The coefficient of variation (CV) is obtained by dividing the population standard deviation by the population mean, CV = σ/μ, being an applicable and suitable statistic for evaluating relative variability. The CV is a free parameter that is used in many areas, such as agronomy, biology, engineering, finance, medicine and others, as an indicator of reliability or variability [1,2,3]. In many cases, relating standard deviation to the level of measurement is of great importance to researchers. For this reason, the CV is widely used to measure dispersion. When studying several independent populations, knowing how their CVs are compared is essential. This becomes even more important when populations have skewed distributions. In practical matters, statisticians may be interested in comparing two independent populations’ CV to better understand the data structure. In situations where the means or variances of independent populations are equal, the analysis of variance and Levene’s tests are employed to examine the equality of CVs. If each population has a different mean and variance, it is clearly possible that their CVs are equal. There have been many studies comparing two or more CVs, which we will discuss below. When two CVs are small, the differences between them are likely to be minor, and these minor potential differences can lead to inability to make powerful or definite conclusions. Therefore, the CV ratio is more accurate than the CV difference.
The probability ratio test was introduced by Bennett [4], and later modified by Schaefer and Sullivan [5]. Scientists such as Doornbos et al. [6] and Hedges et al. [7] proposed tests that relied on decentralized meta-analysis. In [8,9,10], some methods were introduced which are known as Wald tests. Pardo and Pardo [11] were able to propose a new method for comparing CVs based on the Rényi divergence. Some researchers, such as Nairy and Rao [12], investigated the inverse CV. Another method proposed for likelihood ratio testing is based on Newton one-step estimators, performed by Verrill and Johnson [13]. The parametric bootstrap (PB) approach was also considered by Jafari and Kazemi [14]. Other statisticians continued these studies and were able to improve them for symmetric distributions, as presented in [15,16,17,18,19,20,21,22,23]. However, comparing two CVs and, in more complex cases, multiple CVs is challenging in practice [24,25]. The approximate interval for the ratio of two CVs in the lognormal distribution was obtained by Nam and Kwon [25]. They obtained the estimate using the Fieller-type log method of variance estimates recovery (MOVER) and the Wald-type method. Two other researchers, Jiang and Wong [26], used the Barlett’s modified likelihood ratio simulation method to make inferences about the ratio of two CVs in the lognormal distribution.
There are many phenomena in the real world that have symmetrical distributions.

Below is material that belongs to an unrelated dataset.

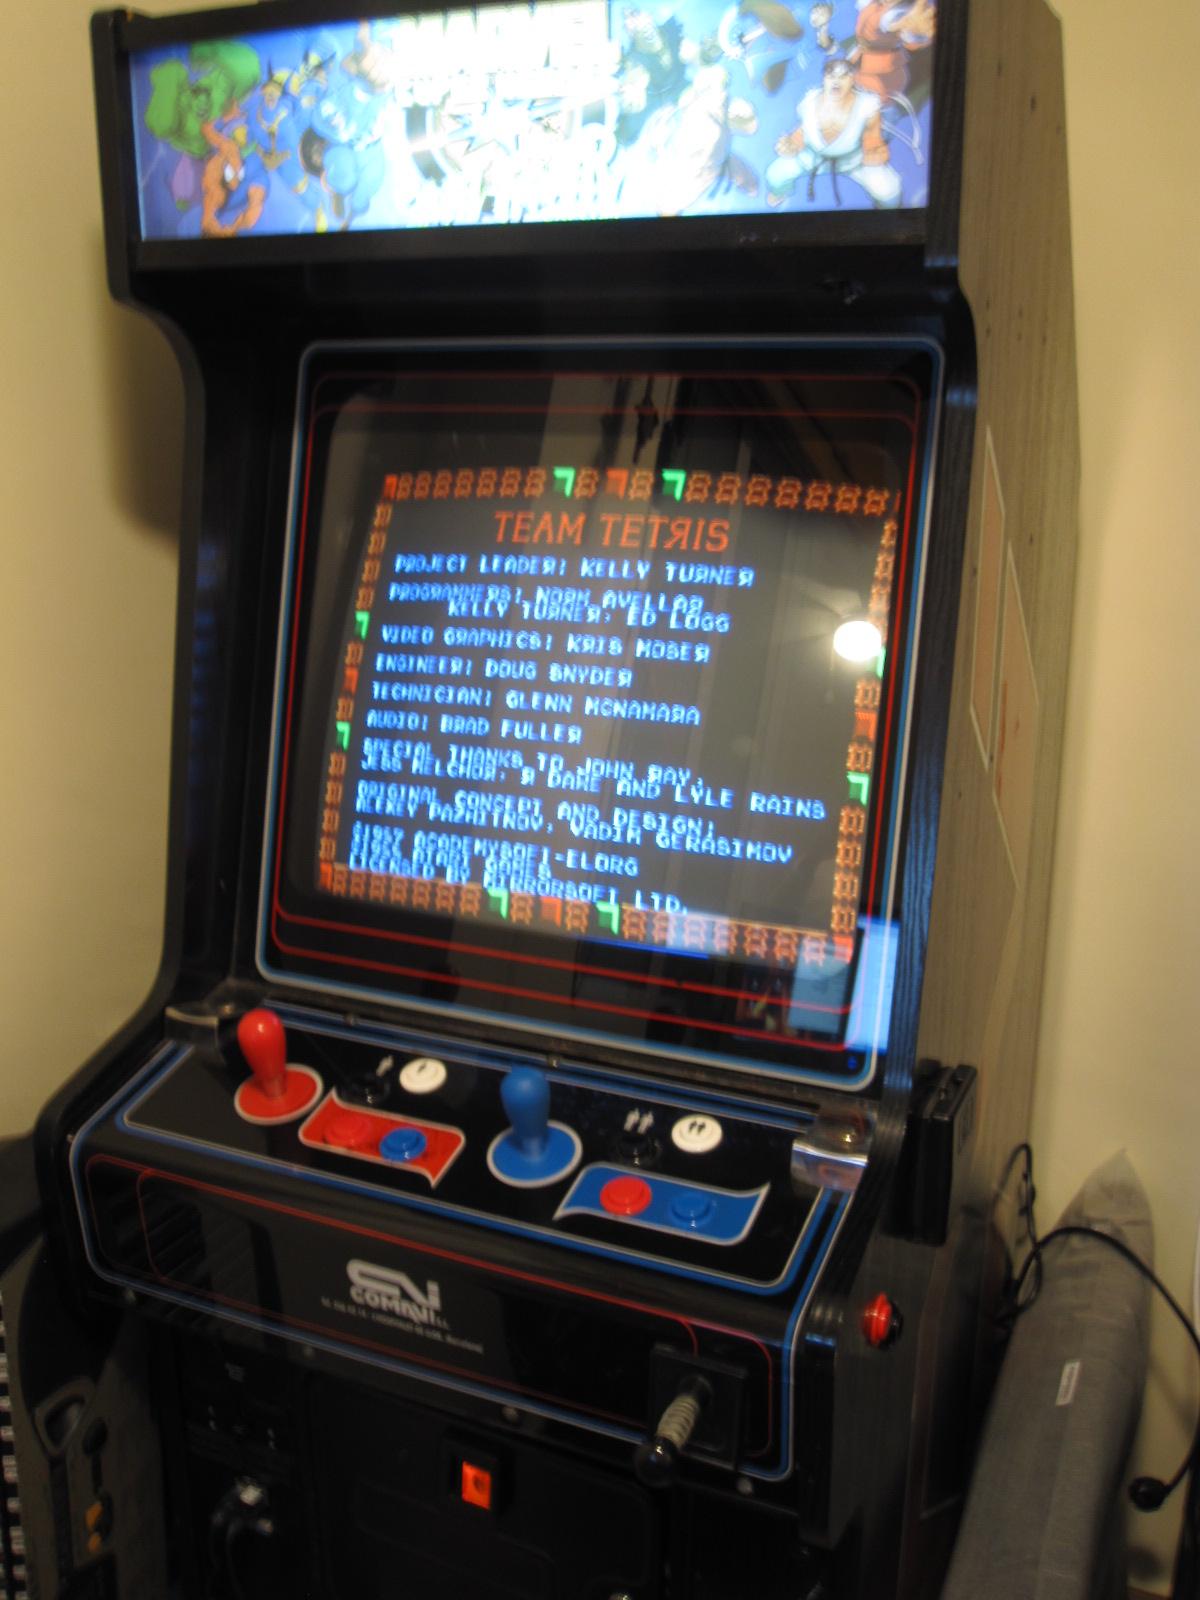 Virtual pinball mueble maquina recreativa placa jamma for Mueble maquina recreativa

Due to this reason, most previous studies have focused just on a special type of distributions, especially on the normal distribution. Yue and Baleanu [27] inferred about the CV ratio of two independent symmetric or asymmetric distributions. They studied the asymptotic distribution for the ratio of two populations’ CV. Then, the outputs were used to create the confidence interval and to test the hypothesis about the ratio of CV of the populations.
In this paper, we adopt a procedure similar to those employed in other studies [28,29,30,31,32] to improve the method given by Yue and Baleanu [27]. The rational estimation for the ratio of CV of two populations given by Yue and Baleanu is considered and its asymptotic distribution is investigated. In computing the asymptotic variance, a formulation different from that given by Yue and Baleanu [27] is proposed. Then, using the asymptotic distribution of the given estimator, the confidence interval and hypothesis testing about the ratio of CV of two populations are studied. The new formulation leads to a more powerful estimator and a more accurate confidence interval than those in [27].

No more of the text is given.